* [Information shown]:
=== Begin Enclosure ===
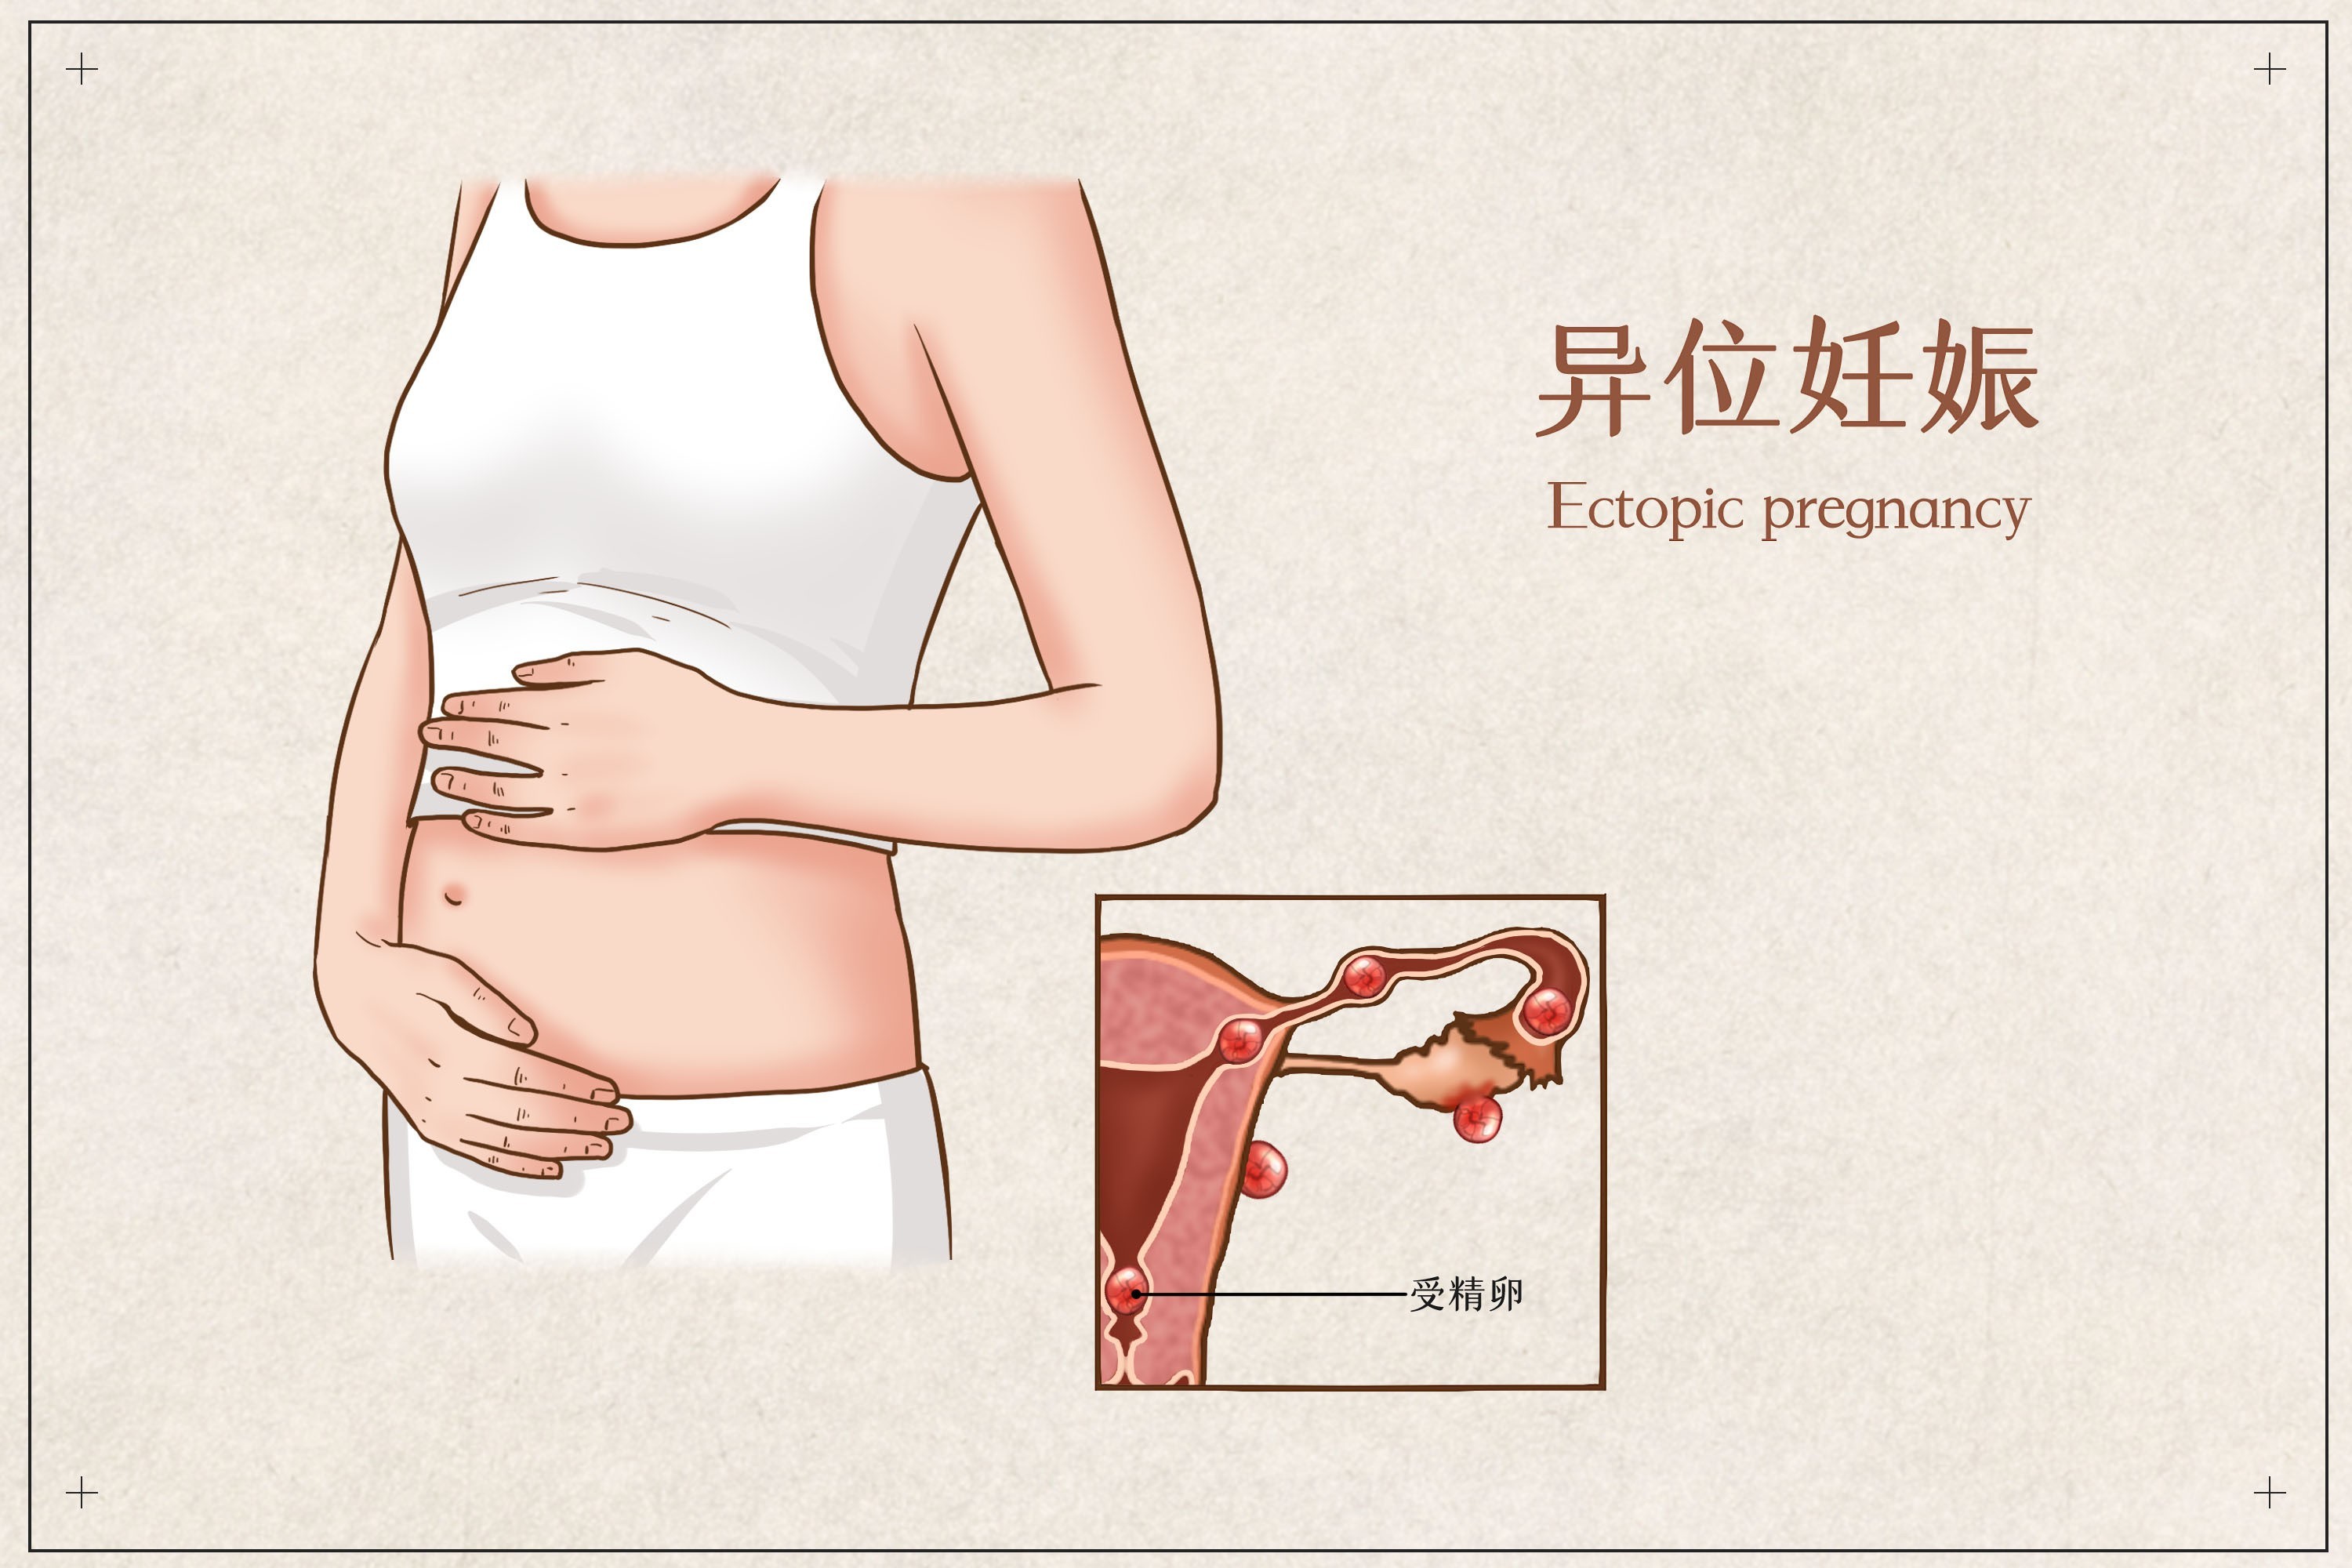 13,你好异位妊娠是指受精卵种植在子宫体腔以外部位的妊娠,临床上习称
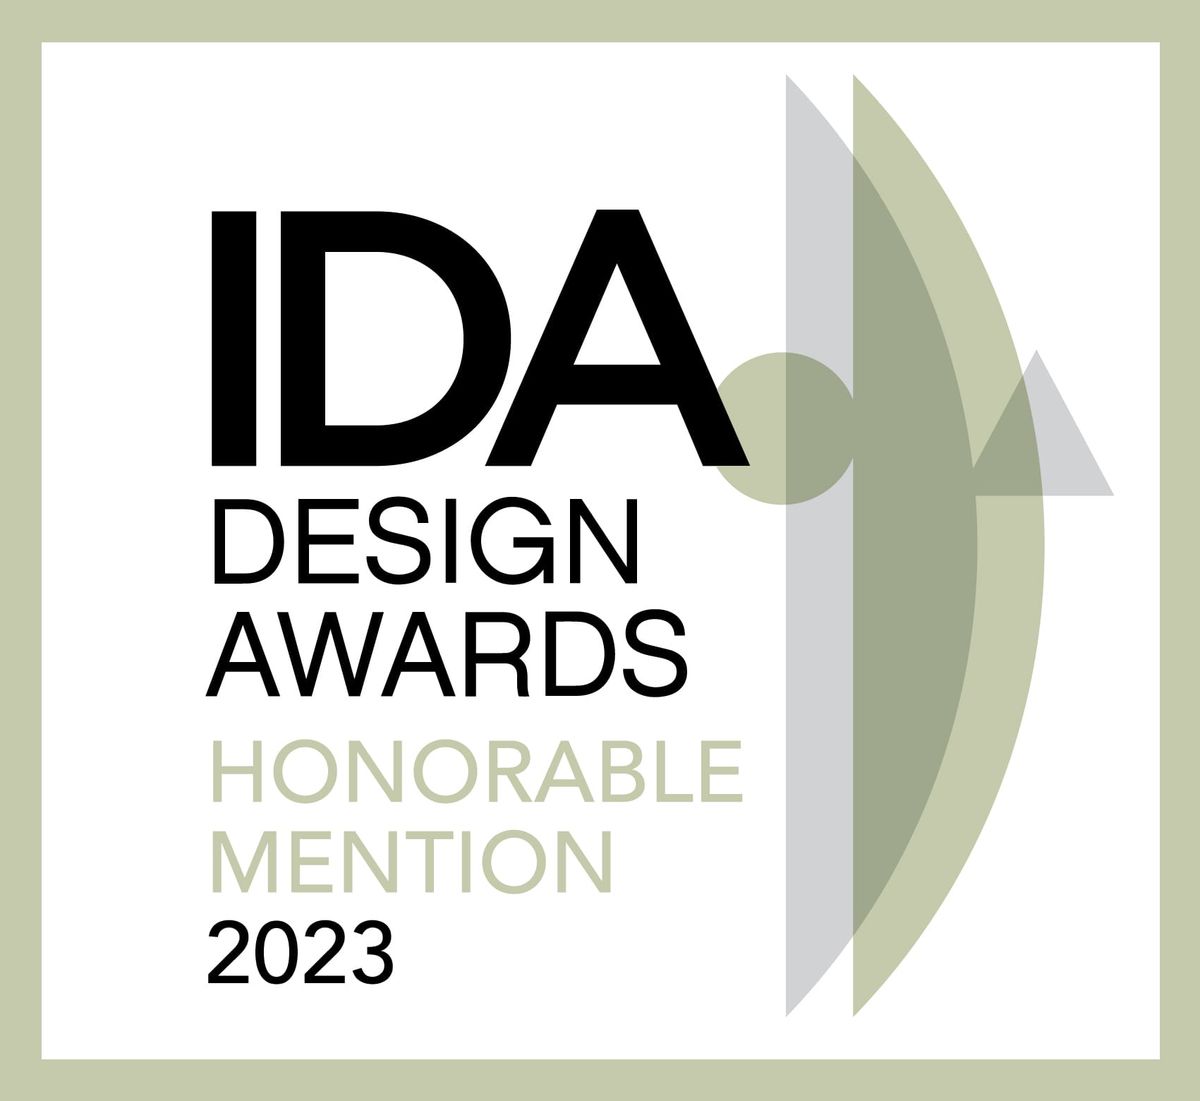 美國國際設計大獎；IDA；International Design Awards；國際獎項；美國； 青築設計；室內設計；空間設計；住宅空間
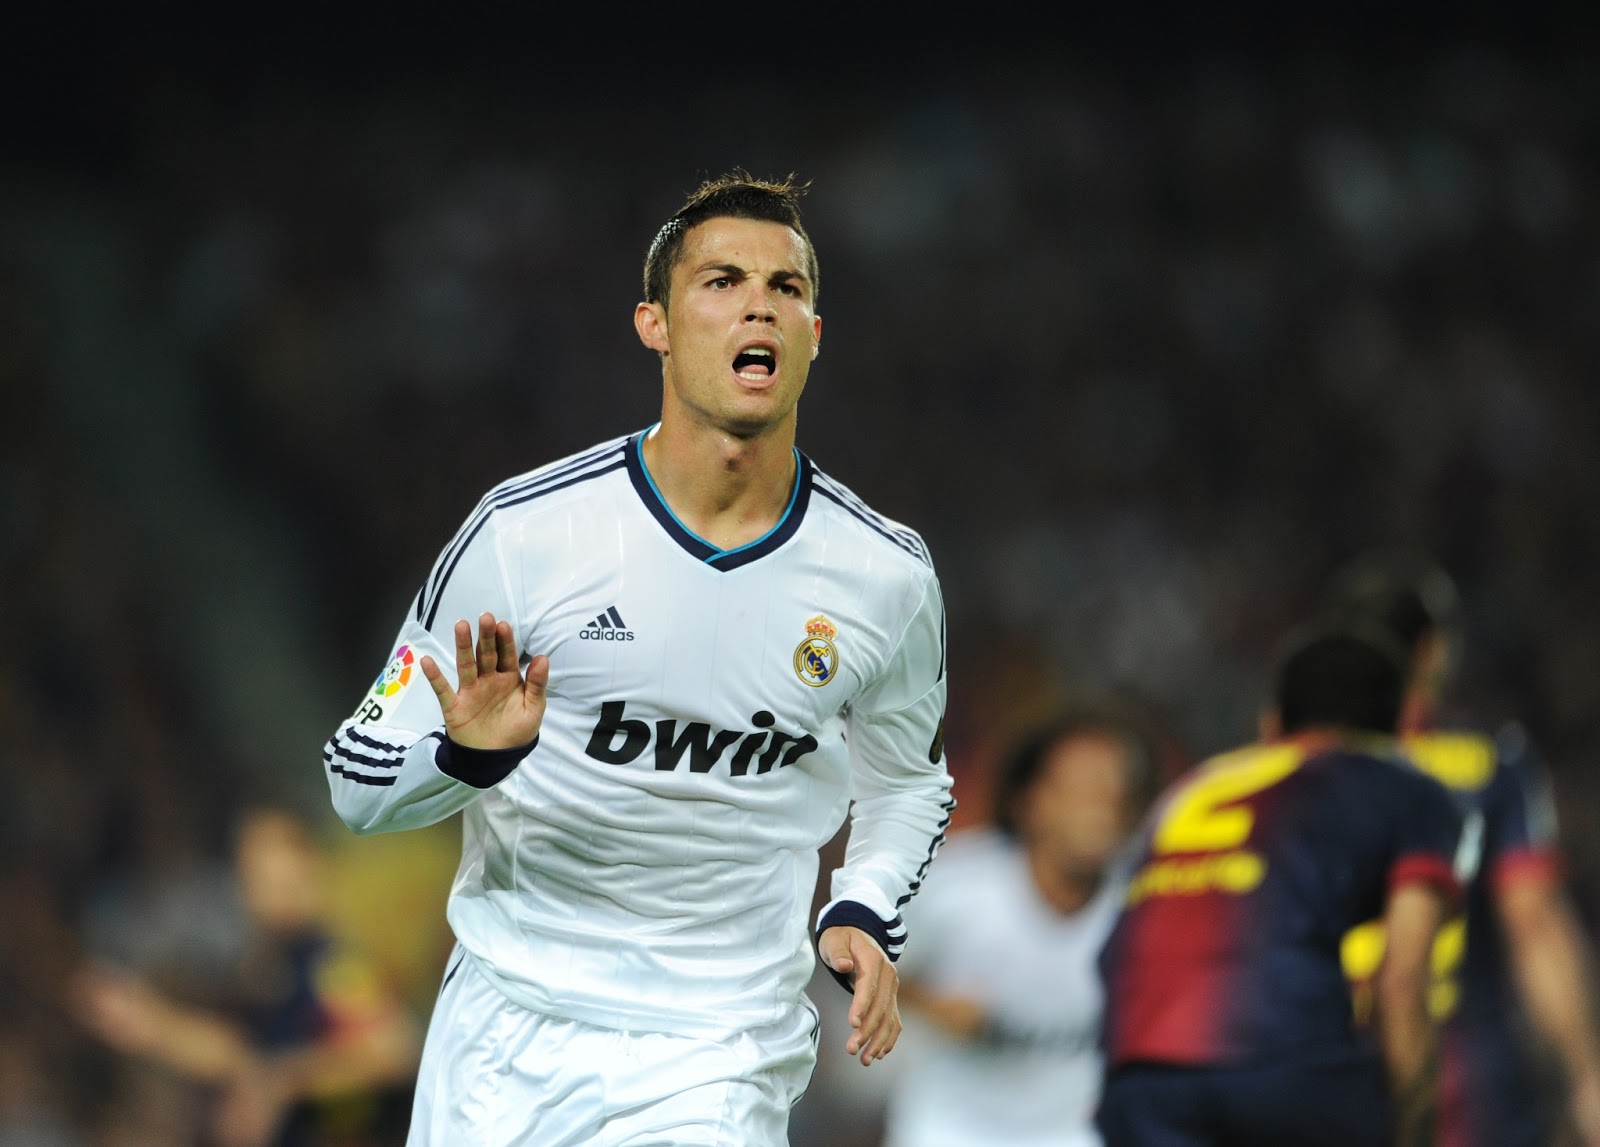 Cristiano-Ronaldo-2013-HD-Wallpaper-Picture-Real-Madrid-Calma-Calma
=== End Enclosure ===
Return the data above unchanged. Pictures are not part of the copy.

* [Reply to the exercise]:
 13,你好异位妊娠是指受精卵种植在子宫体腔以外部位的妊娠,临床上习称
 美國國際設計大獎；IDA；International Design Awards；國際獎項；美國； 青築設計；室內設計；空間設計；住宅空間
 Cristiano-Ronaldo-2013-HD-Wallpaper-Picture-Real-Madrid-Calma-Calma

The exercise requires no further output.